Wednesday, March 11, 2015

Windows clients unable to connect to secure wi-fi

Our corporate network has a global wi-fi solution that uses Cisco access points, PEEP and AD authentication.  Users can walk into any office in the world and use their AD credentials to authenticate to wi-fi.  It's a nice little set up.

We also use Symantec Endpoint Protection (SEP) for anti-virus; this will become relevant in a moment.

Some users were reporting that their Windows 7 laptops were unable to connect to our corporate WiFi.  Clicking on "connect" did nothing but pop-up a window saying "Unable to connect."

After digging through the logs we found that the user's credentials were not being passed to the access points.  We attempted to set-up the connection manually and found that the Microsoft Protected EAP (PEEP) option was missing from the "Choose a network authentication method:"

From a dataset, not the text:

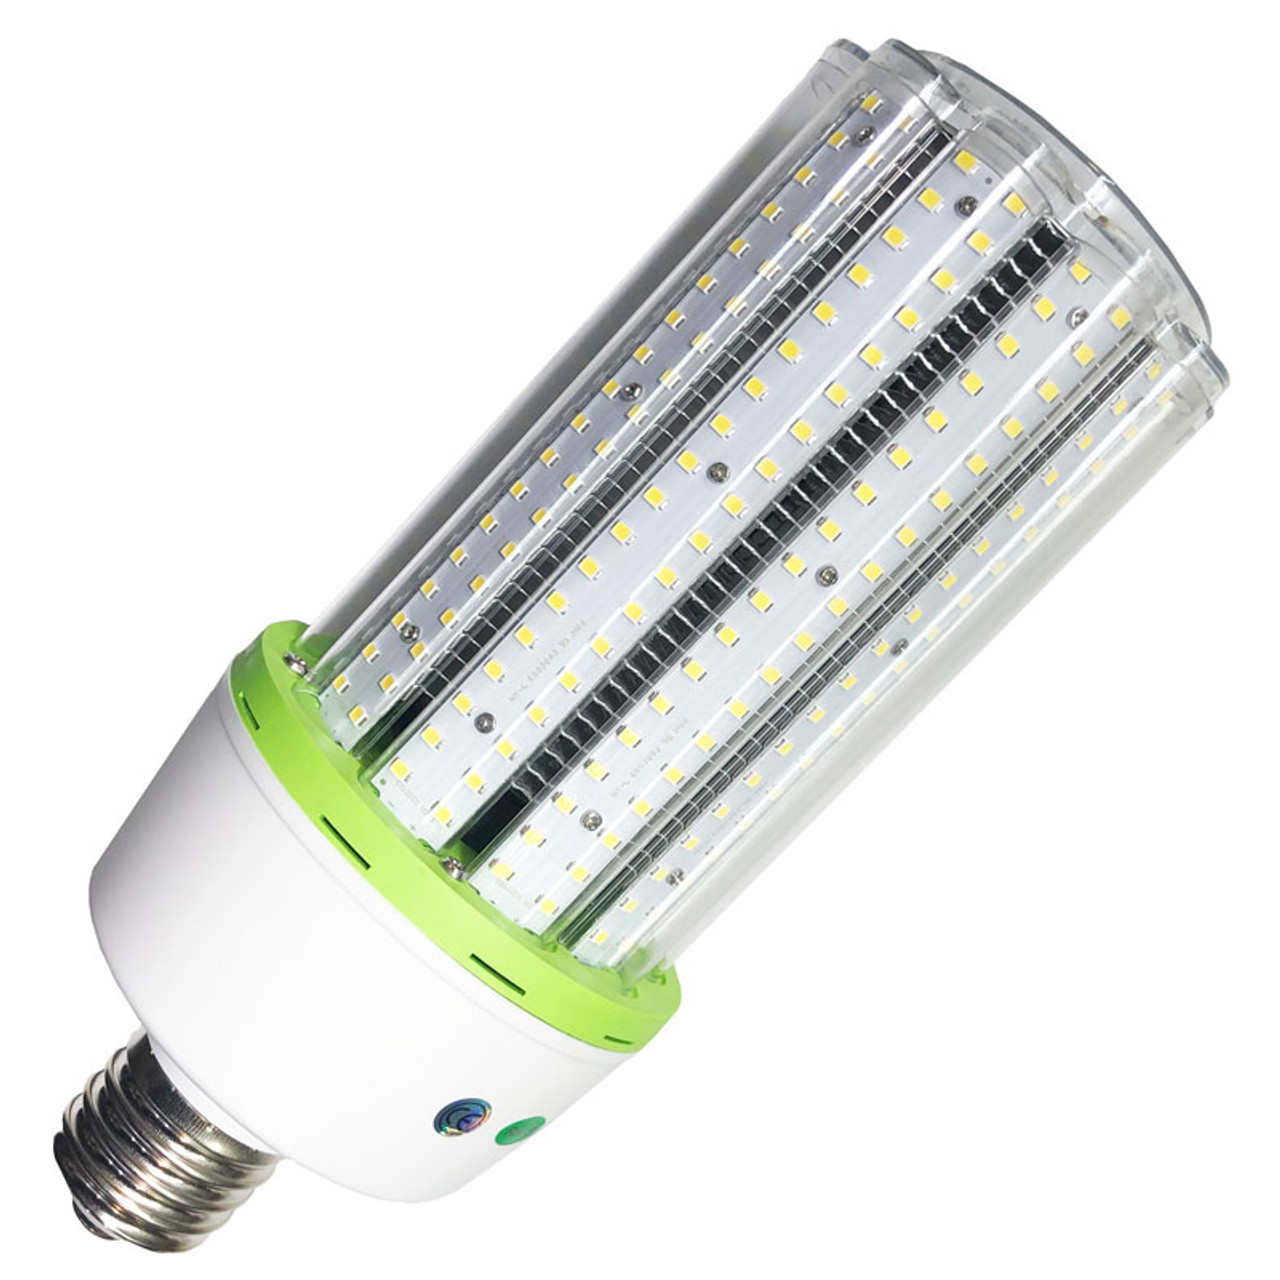 60 Watt LED Corn Bulb Replaces 180 Watt HID, 7800 Lumen, IP 64, DLC Certified, ETL 5 Year Warranty - LED Global Supply

It turns out that SEP was modifying Registry keys and telling Windows the default location of the SymRasMan.dll was C:\Program Files\ Symantec\Symantec Endpoint Protection \  instead of the correct %SystemRoot%\System32\rastls.dll.

The fix we used to resolve the issue is detailed in this MS KB article.

Note: the article specifically refers to this problem occurring on computers that have had SEP removed.  However, as far as we were aware the computers that had the issue never had SEP removed, only installed.